In some cases, unilateral renal agenesis presents with other birth defects and problems with the:
- Urinary tract
- Stomach and intestines
Female patients are at increased risk of Mullerian duct abnormalities, leading to infertility and blocked menstrual flow. Herlyn-Werner-Wunderlich syndrome refers to unilateral renal agenesis combined with a blind hemivagina and uterus didelphys.
Epidemiology of Unilateral Renal Agenesis
The incidence of unilateral renal agenesis is approximately 1 in 2000. It is slightly more common in males than females, and 56% of URA cases affect the left side.
Etiology of Unilateral Renal Agenesis
Unilateral renal agenesis can be caused by genetic as well as maternal causes. The condition is associated with mutations in RET (10q11.2), BMP4 (14q22-q23), FRAS1 (4q21.21), FREM1 (9p22.3), or UPK3A (22q13.31), PAX2 (10q24.31), HNF1B (17q12), DSTYK (1q32) genes.
Other causative factors associated with unilateral renal agenesis include:
- Maternal diabetes
- Maternal obesity
- Young maternal age
- Maternal smoking
- Consumption of large amounts of alcohol during pregnancy
There is a high risk of hypertension, proteinuria, and renal insufficiency associated with unilateral renal agenesis.
Diagnosis of Unilateral Renal Agenesis
Diagnosis is made by ultrasonography showing an empty renal fossa and a solitary kidney that is larger than normal. Vesicoureteral reflux is usually present in patients with unilateral agenesis, and it can be diagnosed with a voiding cystourethrogram. Urinalysis can detect proteinuria and other signs of urinary tract infections and measure GFR, urea, and electrolytes.
MRI can diagnose other non-urinary defects. Genetic tests may detect abnormalities related to an autosomal dominant gene.

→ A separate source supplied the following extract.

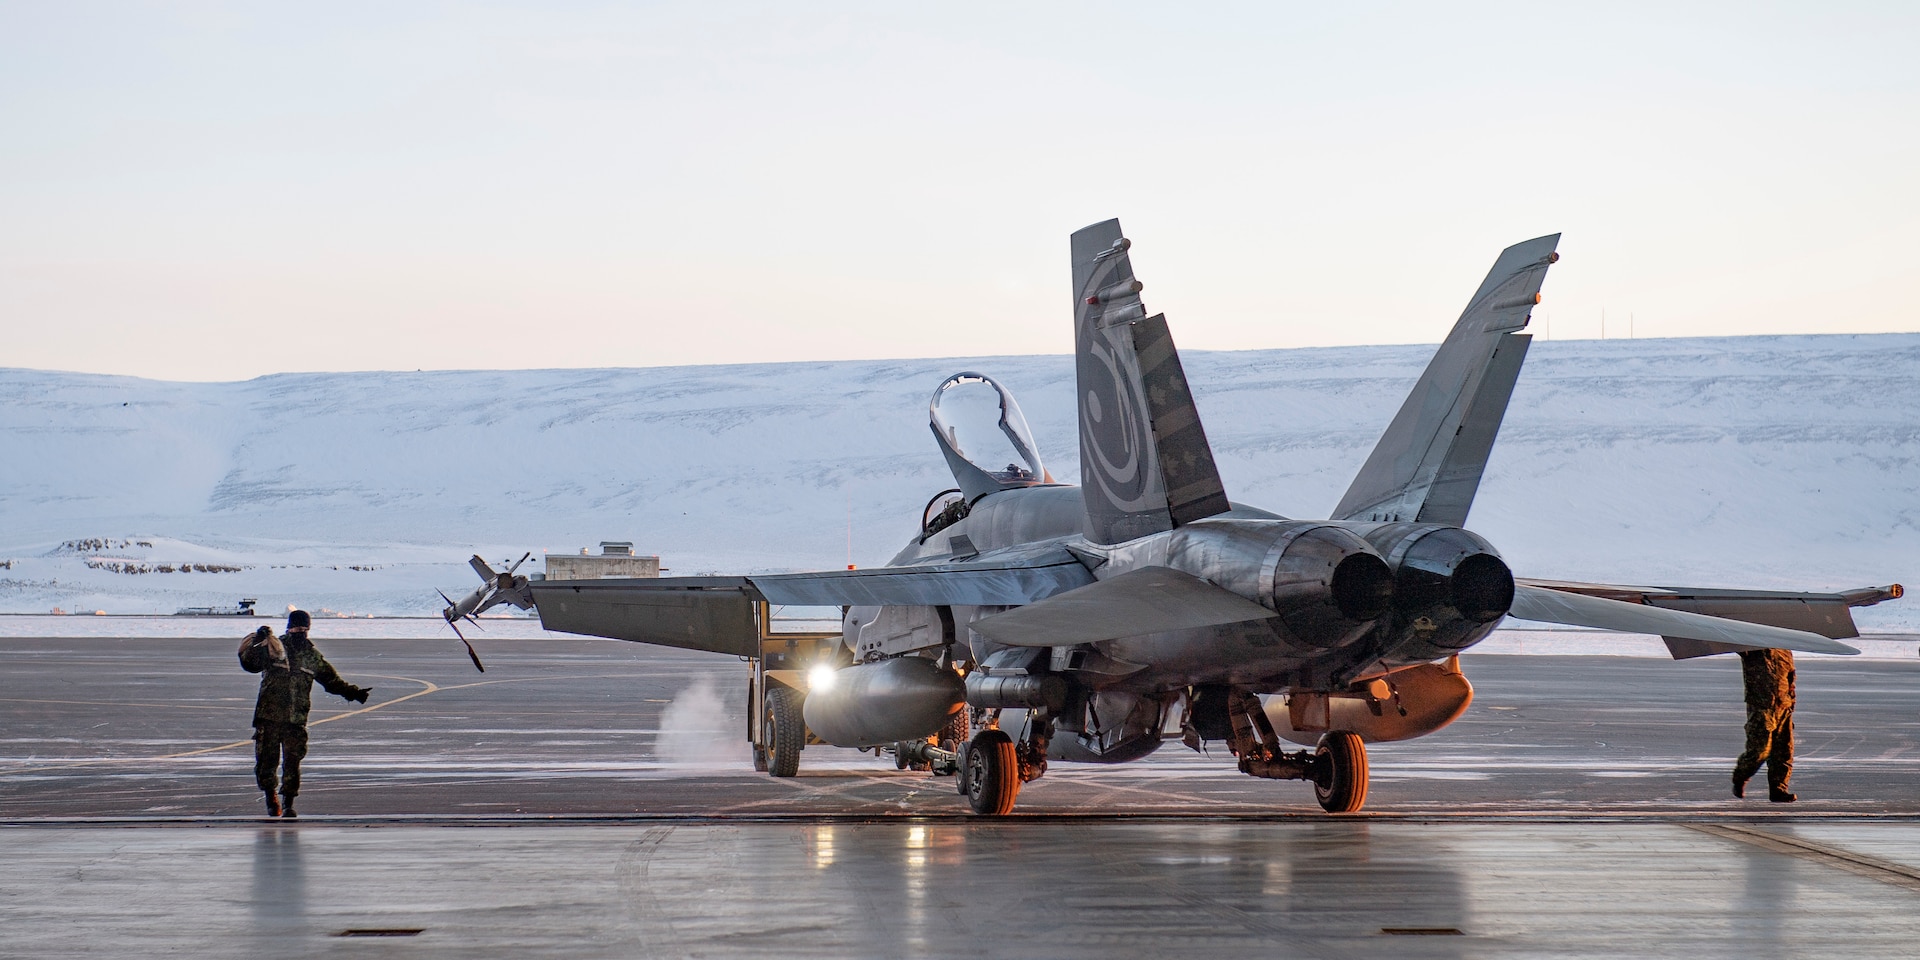 A servicemember guides a Royal Canadian Air Force CF-18 Hornet into the hangar upon arrival at Thule Air Base, Greenland, for Operation NOBLE DEFENDER, March 14, 2022.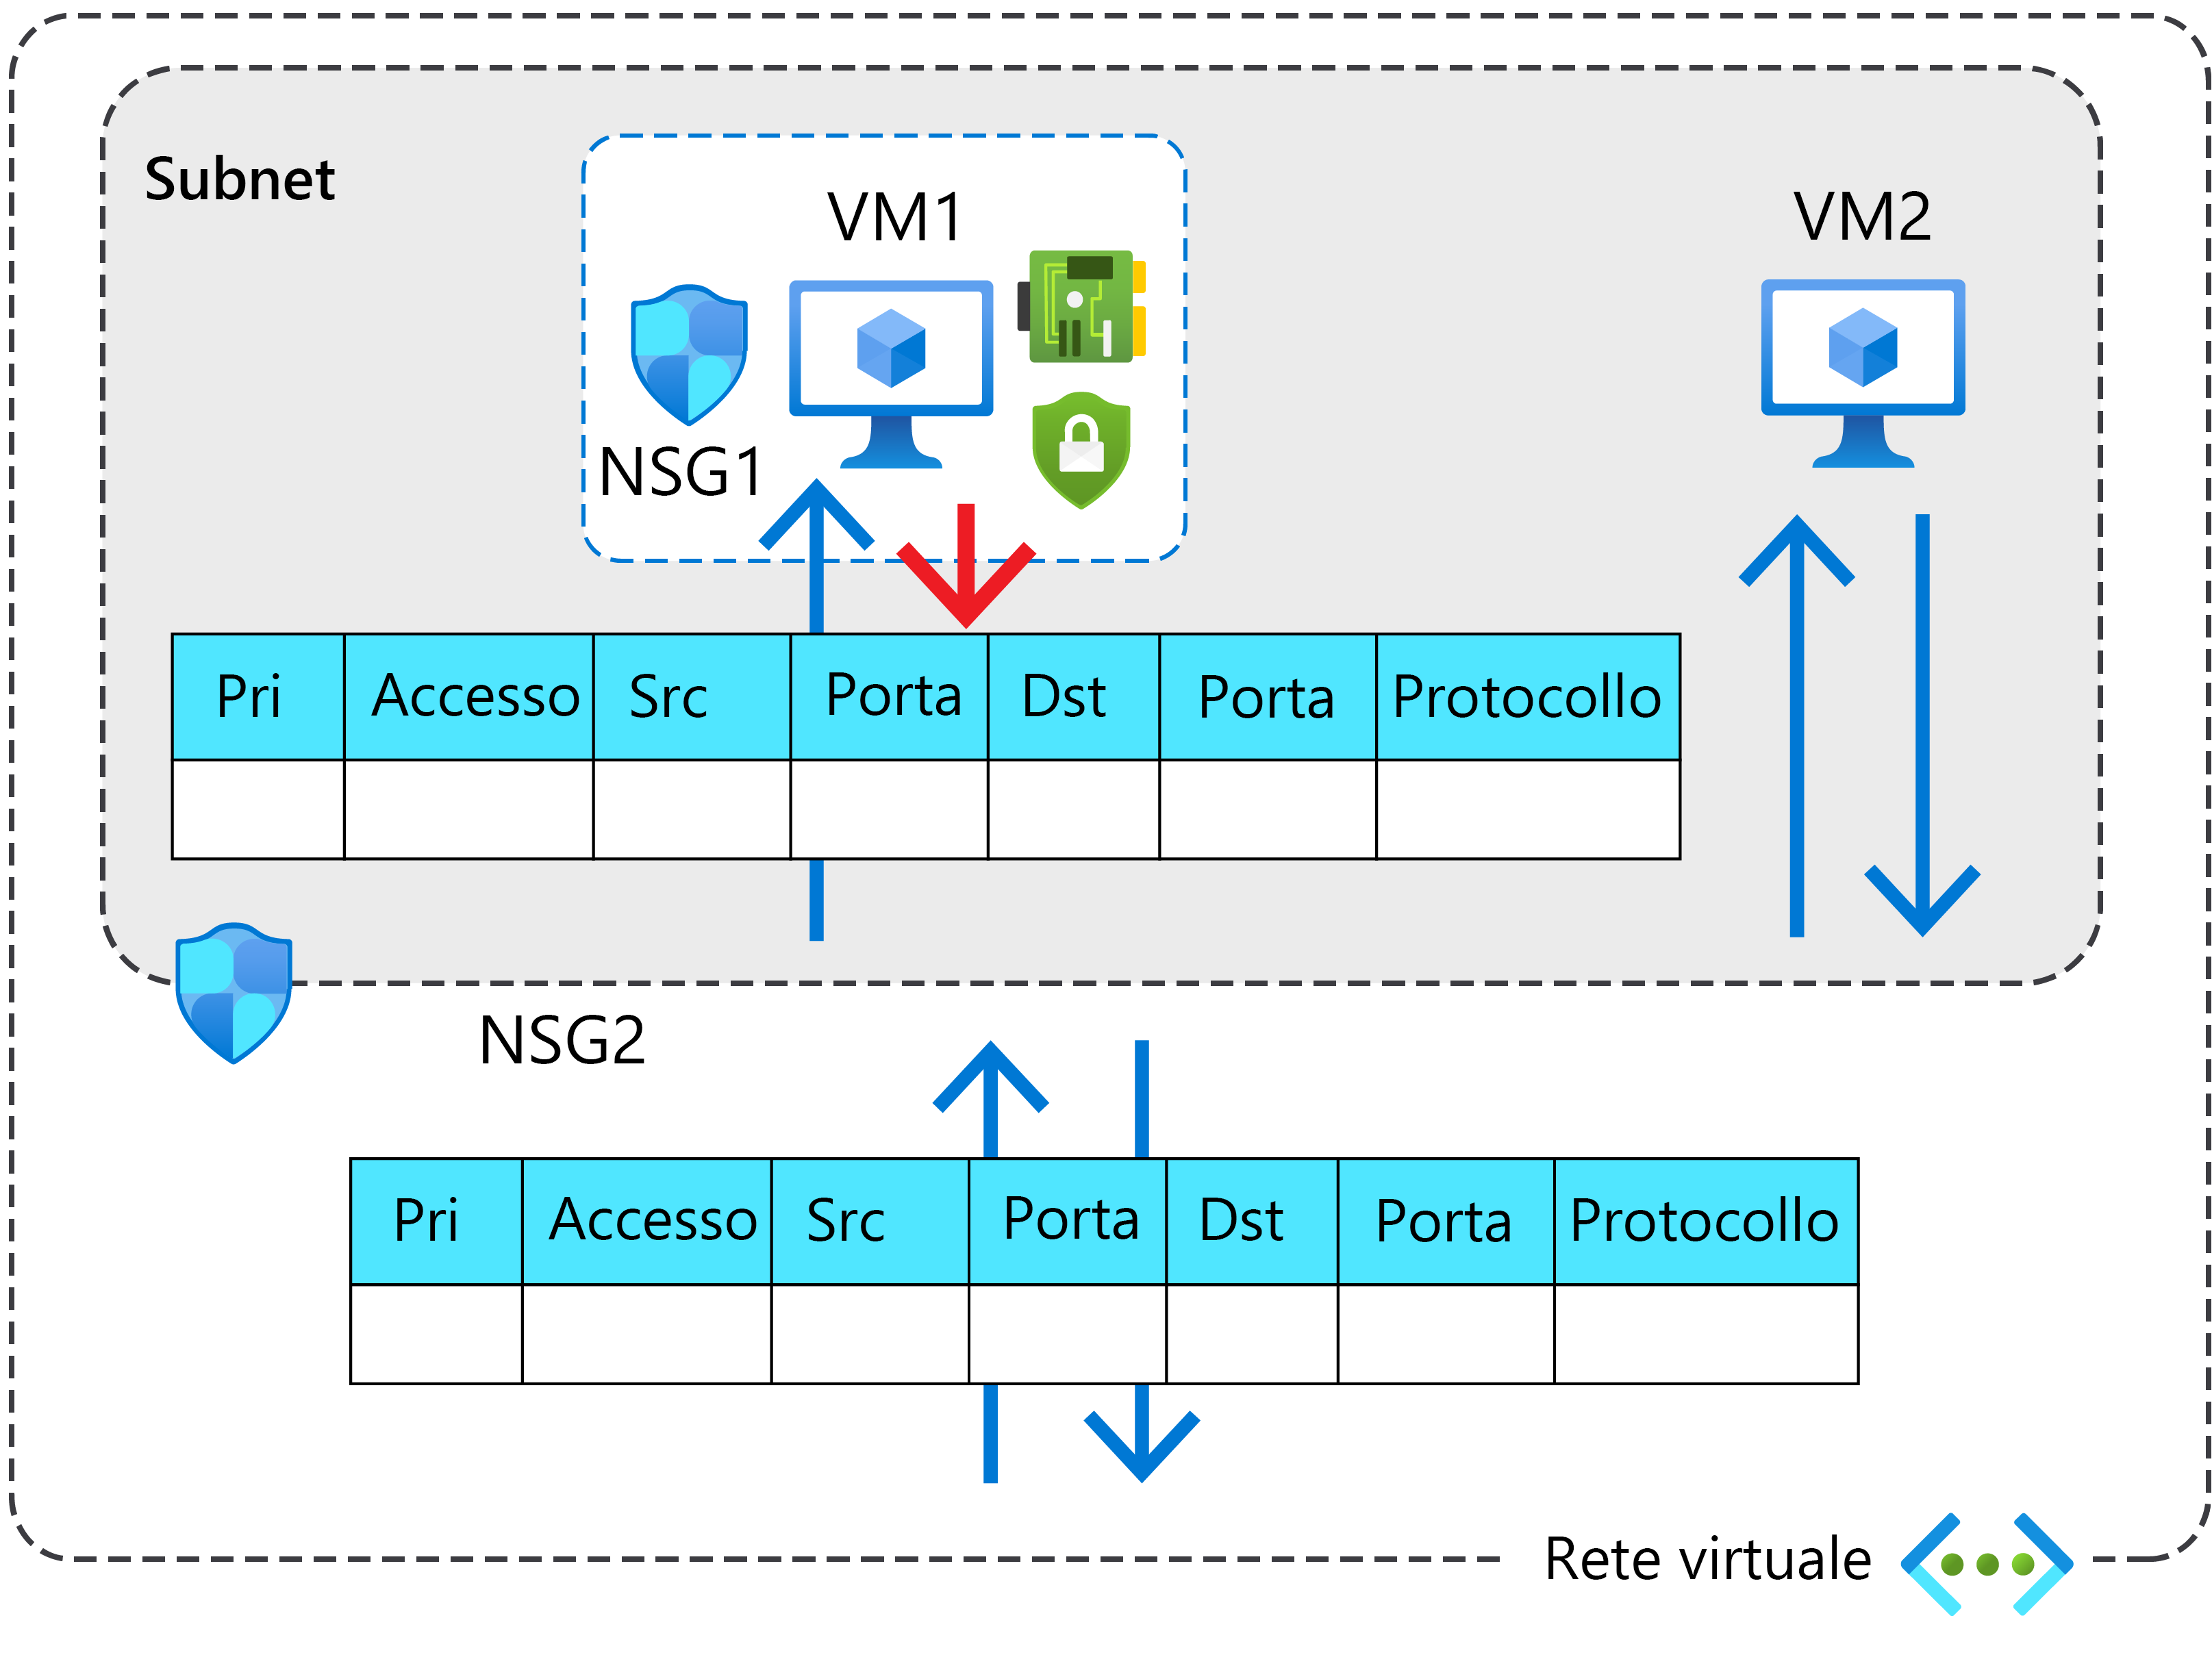 A graphic depicts a subnet object that contains two VMs, VM1 and VM2. VM1 is protected through the assignment of an NSG called NSG1. The entire subnet is protected by an NSG called NSG2.

Management and Treatment of Unilateral Renal Agenesis
Patients with unilateral renal agenesis require long-term follow up because they are at increased risk of hypertension and proteinuria. The solitary kidney should be monitored with kidney function tests such as urine analysis and glomerular filtration rate.
Prognosis of Unilateral Renal Agenesis
The prognosis is usually good for patients with unilateral renal agenesis. The risk of renal failure is rare and minimal. However, patients are prone to develop hypertension and proteinuria.
Prevention of Unilateral Renal Agenesis
The exact cause of unilateral renal agenesis is unknown, so genetic factors cannot be avoided. However, maternal factors leading to unilateral renal ageneses, like maternal smoking and binge drinking, can be avoided or modified to lower the risk to the fetus.